The chemical index of alteration (CIA) as a proxy for climate change during glacial-interglacial transitions in Earth history

The glacial-interglacial transitions of ice ages are associated with large, rapid changes in climate, which potentially can be reconstructed from stratigraphic profiles of the chemical index of alteration (CIA). Here, we present a case study based on high-resolution CIA profiles of Neoproterozoic glacial deposits from South China (paleolatitude ~30° N) as a record of the climate transition at the termination of the Sturtian Glaciation (~663 Ma). Drillcore ZK2115 (Gaodi Deposit) exhibits a progressive upsection increase in mean CIA over a ~50-m interval, from 58 (range 52–65; note: all ranges are given as 16th–84th percentiles) in the synglacial upper Tiesi'ao Formation to 67 (range 64–69) in the deglacial basal Datangpo Formation cap carbonates, and to 68 (range 66–70) in the postglacial Datangpo Formation black shales.
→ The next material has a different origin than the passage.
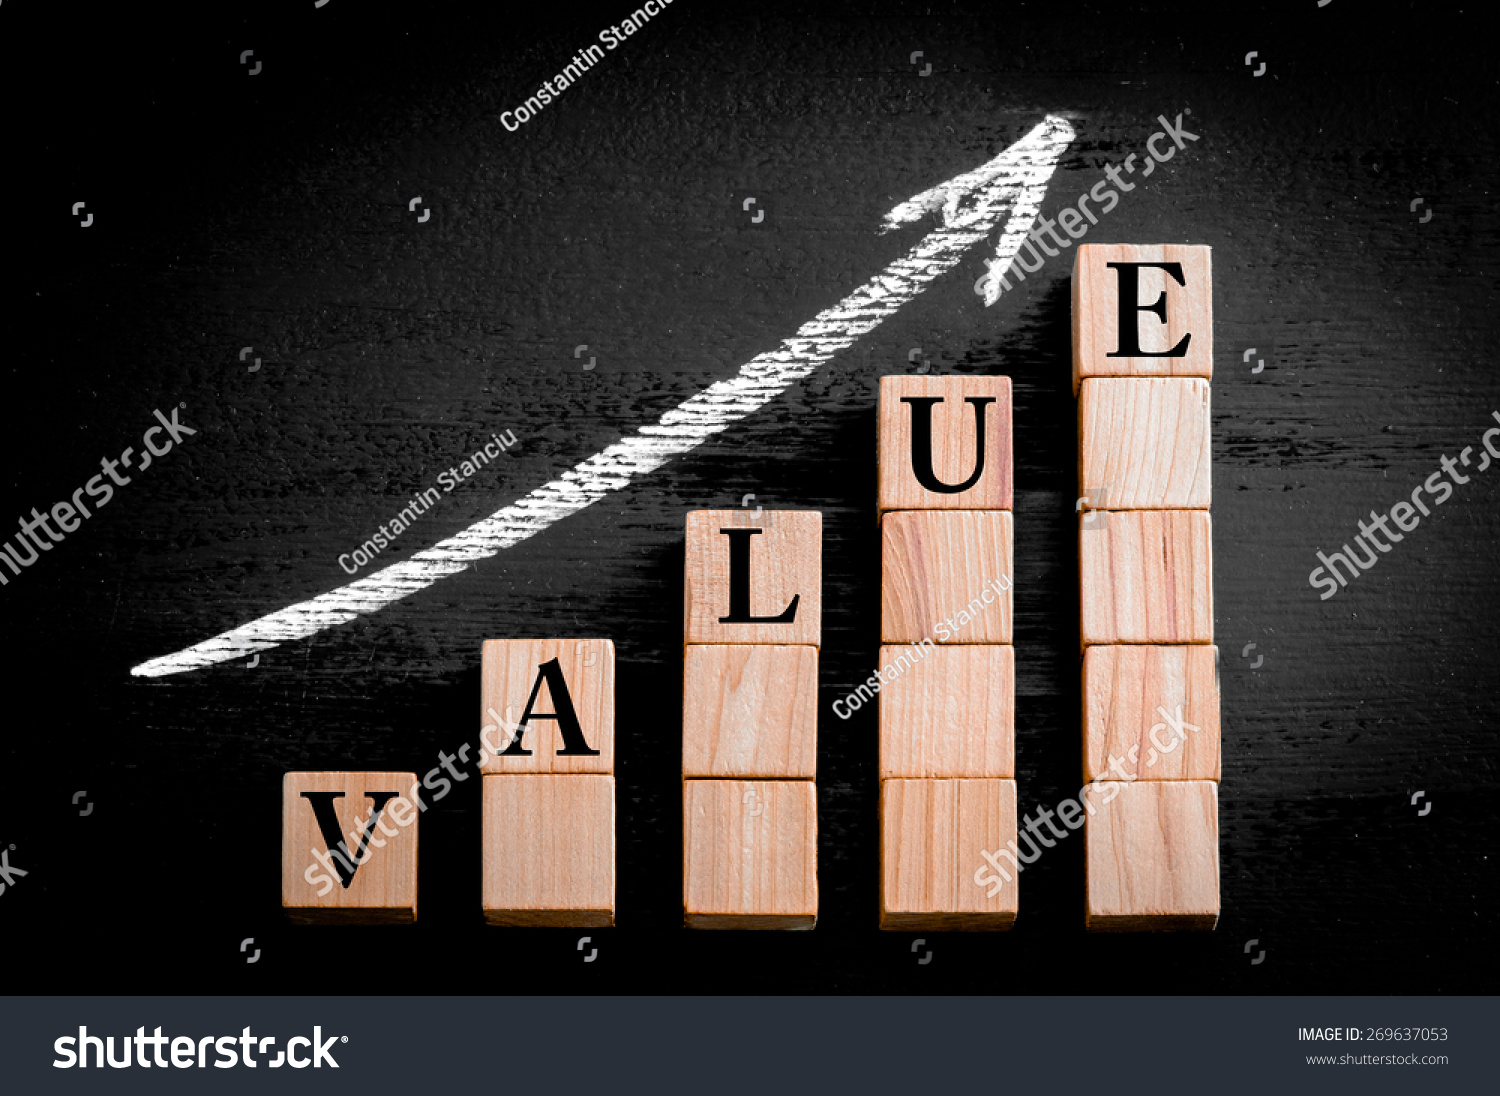 Word VALUE on ascending arrow above bar graph of Wooden small cubes isolated on black background. Chalk drawing on blackboard. Business Concept image. #269637053

A coeval section from the Lijiawan Deposit also exhibits an increasing CIA trend upsection within shallow-water Mn-carbonate facies. These CIA patterns show no relationship to lithology and are interpreted to reflect climatic warming and intensified chemical weathering during the Sturtian deglaciation. Similar large increases in postglacial CIA values are seen in Paleoproterozoic and Late Paleozoic successions, and at least moderate increases in CIA values are recorded during warm stages of the late Quaternary (e.g., the Bølling-Allerød and Holocene) relative to the cold stages (e.g., the Last Glacial Maximum and Younger Dryas). The rapidity of CIA changes in Quaternary systems (~1 to 10 kyr) suggests that weathering intensity may have changed at similarly rapid rates in more poorly dated deep-time glacial successions, with potential implications for Snowball versus Slushball models of Cryogenian glaciations. These examples show that CIA can be a robust proxy for climate changes (i.e., enhanced chemical weathering intensity) during glacial-interglacial transitions of both ancient and recent ice ages.